Кость убрал руку, и Мать после нескольких тяжелых вздохов перевернул окровавленную кисть ладонью вверх, но другой руки не разжал – Полина и так увидела медленно сочащуюся сквозь пальцы темную кровь.

Перед ее глазами вспыхнул солнечный день – тот самый, когда они с отцом и сестрой поехали на велосипедах в заповедник. До реки было километров тридцать, и они взяли с собой Полинину двухместную палатку, чтобы заночевать на берегу, если день покажется слишком коротким. Ведь нет ничего бодрее речной воды поутру. А еще можно встать на заре, когда над водой стелется тонкий туман, и нырнуть в эту парную воду, поплыть, отдуваясь, на середину, перевернуться на спину и оттуда заглянуть в самое нежное в мире небо. Выбежать на берег и растереться докрасна полотенцем! Как сладко потом свернуться калачиком в спальнике и мечтать…

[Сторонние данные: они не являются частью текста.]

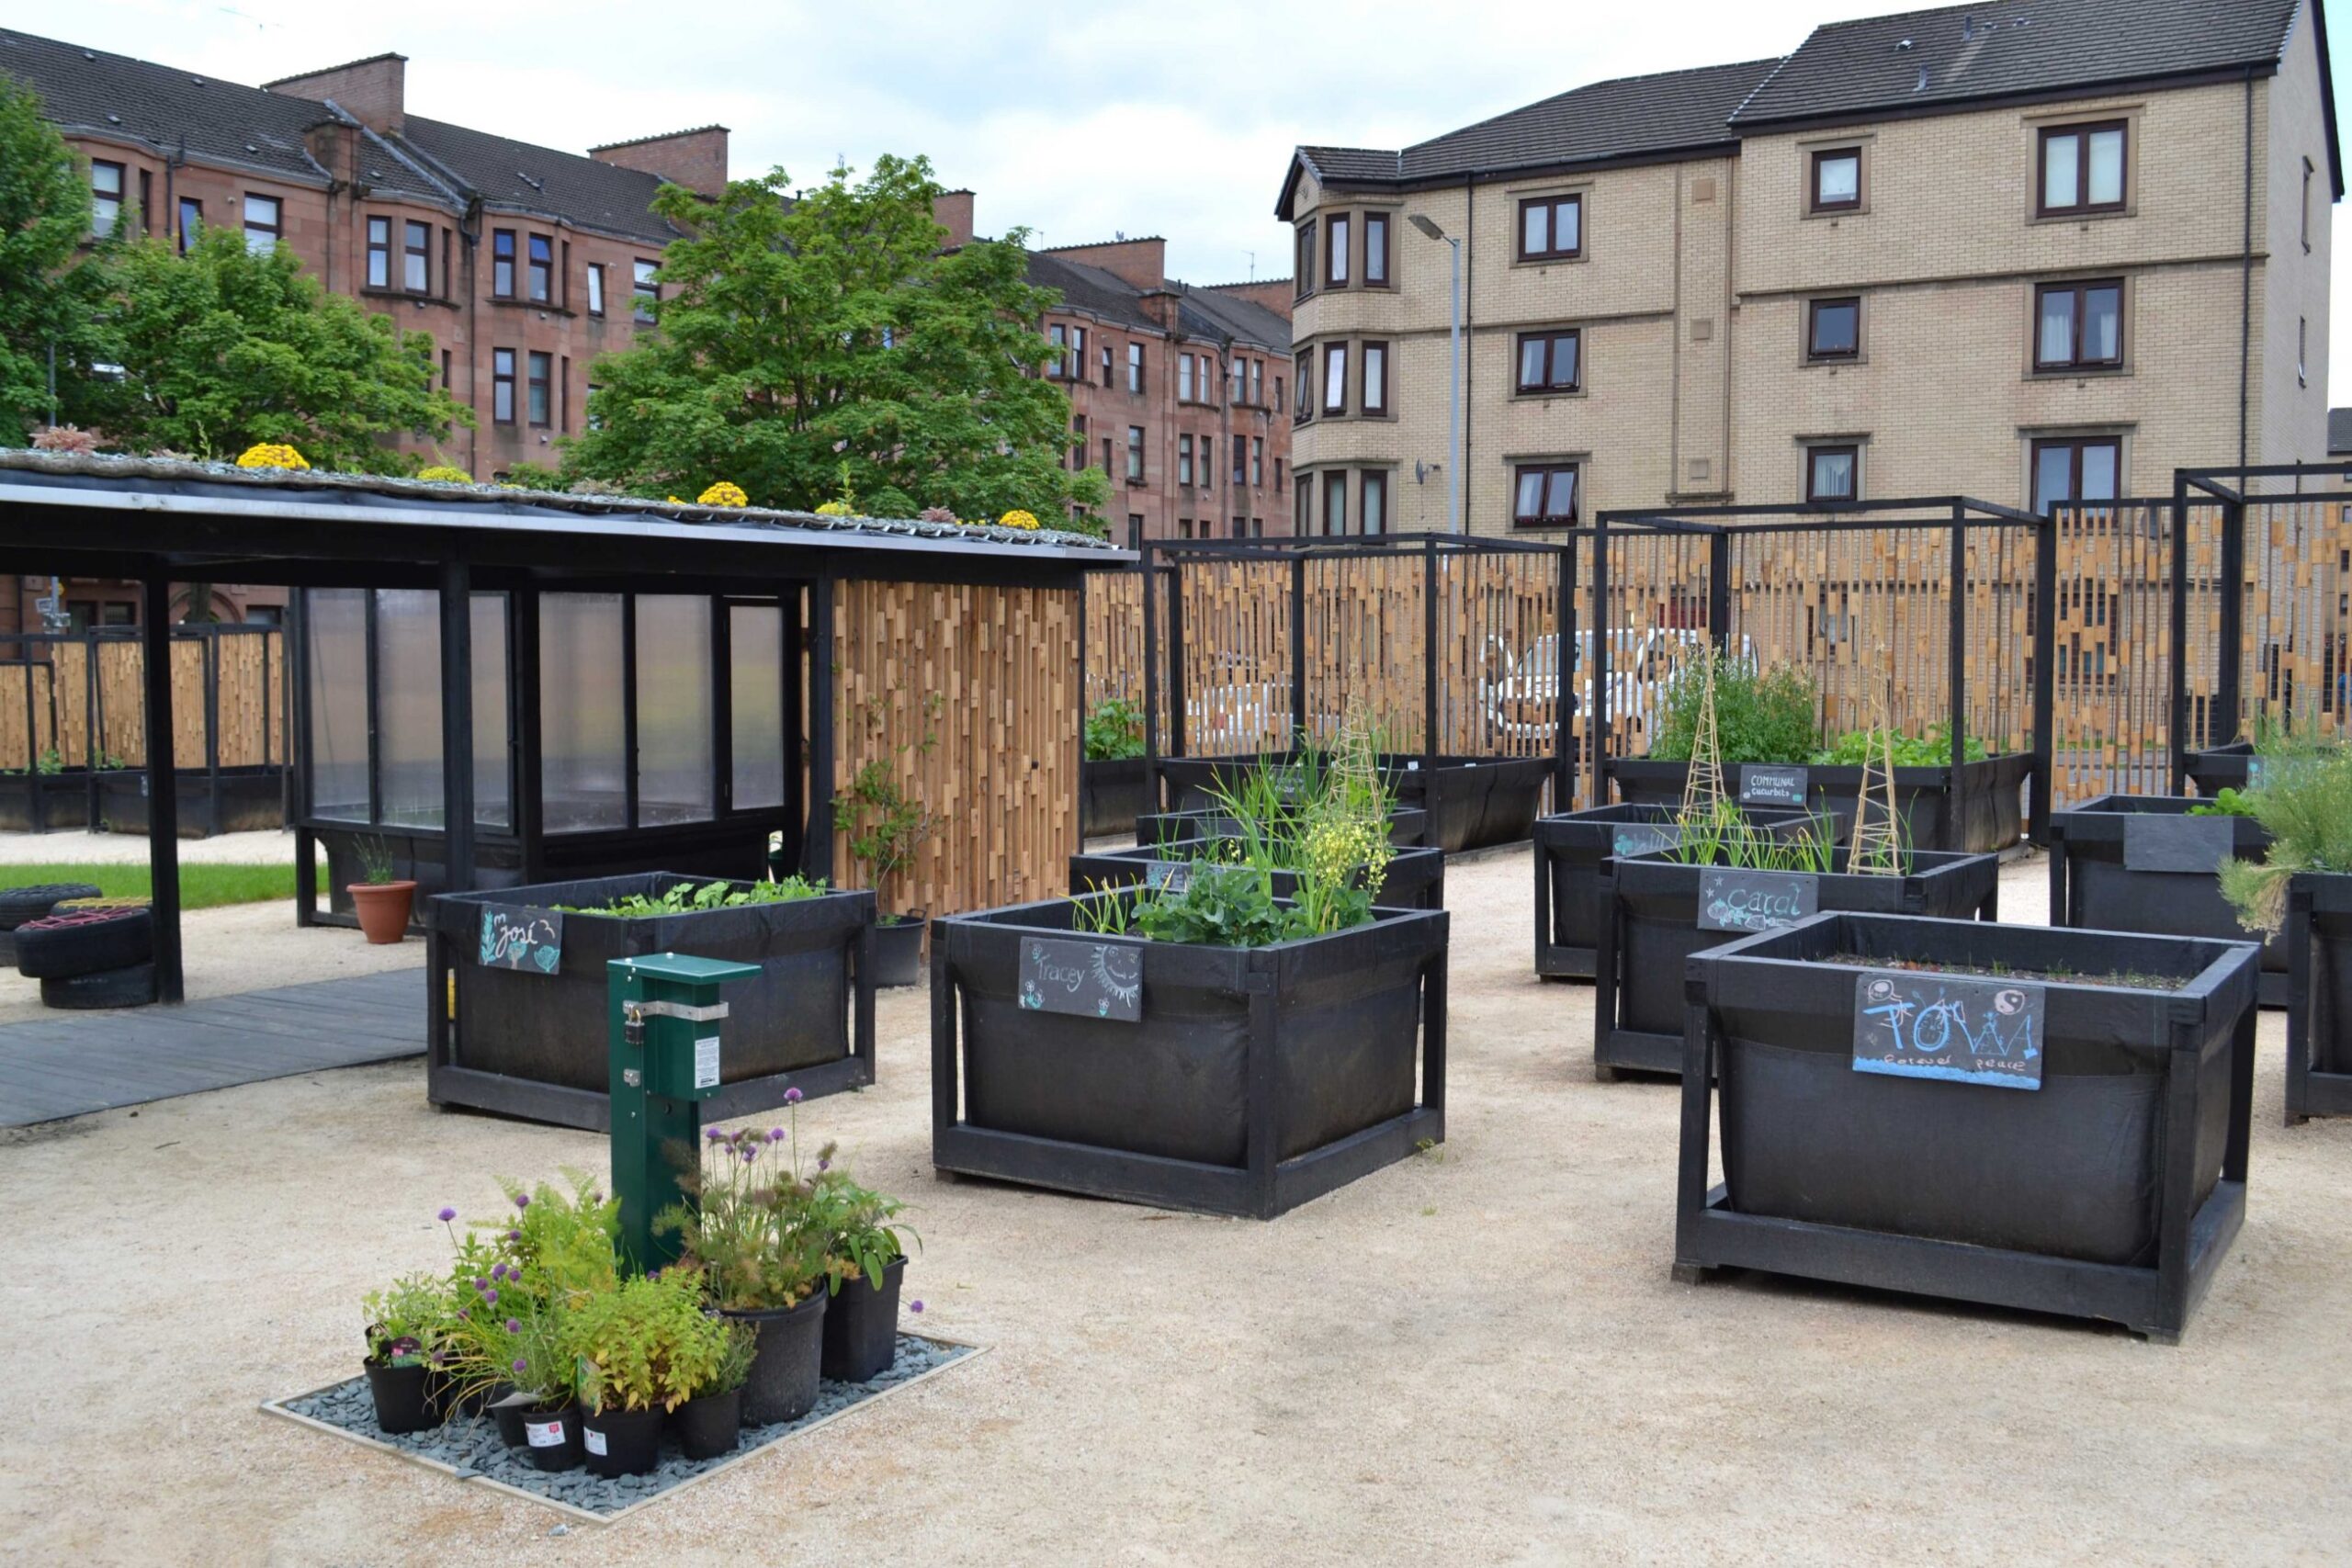 Community garden in North Glasgow , designed by ERZ architects.

Но у самого кордона отец, ехавший впереди с сестрой на раме, вдруг резко развернулся и изо всех сил помчался по шоссе домой. Полина не смогла до него докричаться, так быстро он укатил, и тоже изо всех сил закрутила педали. И хотя колеса ее велосипеда были меньше, а отец все удалялся, она бы не потерялась, будь они даже за сто километров друг от друга: за отцовским велосипедом тянулась дорожка из крапин крови, и, холодея от тревоги, Полина наяривала вовсю.

Отец не доехал до дома, он затормозил на полпути и свернул на обочину. Здесь Полина и наткнулась на них. Сестра по дороге сунула ногу в колесо – большой палец выглядел жутко, был порван, кровь сочилась из него беспрестанно. Сестра то завывала, то причитала безнадежно.

– Это из вены, – сказал отец. – Быстро достань воду и порви полотенце на полоски.

Это было ужасно трудно – надорвать полотенце зубами, чтобы потом руками отделить короткую полосу. Но Полина справилась и после держала сестрину ногу, пока отец возился с этим махровым бинтом. Оказалось, достаточно закинуть замотанный палец на руль, то есть выше бедра, чтобы кровь перестала. Дальше они шли молча и катили велосипеды: один – навьюченный палаткой и рюкзаками, другой – с раненой сестрой, которая теперь перестала рыдать и только жалобно всхлипывала. Полина молчала, ей стало легче уже оттого, что за ними больше не тянулся этот жуткий след. Ни тогда, ни потом она не призналась отцу, как страшно, до дурноты боится чужой крови.

– Это из вены, – машинально повторила Полина, зачарованно глядя на темные капли в свете фонаря, но, стоило только поднять глаза на несчастное Материно лицо, она мигом овладела собой. – Надо туго забинтовать и поднять руку вверх. Кость, нужна вода и любая тряпка.

– Мы как раз шли на реку… – начал было Кость.

– Балда! Чистая вода! – и она повернулась к Матери. – Прививка от столбняка есть?

Мать только выпучил глаза, бледнея еще больше, пока Кость поспешно расстегивал рюкзак.

– Есть газировка! – воскликнул он наконец.

– Минералка? – уточнила Полина.

– Да, «Ессентуки»!

– Давай. И быстро готовь тонкую тряпку, чтобы замотать. Чистую! – добавила Полина, глядя, как верный Кость кинулся тащить с себя футболку.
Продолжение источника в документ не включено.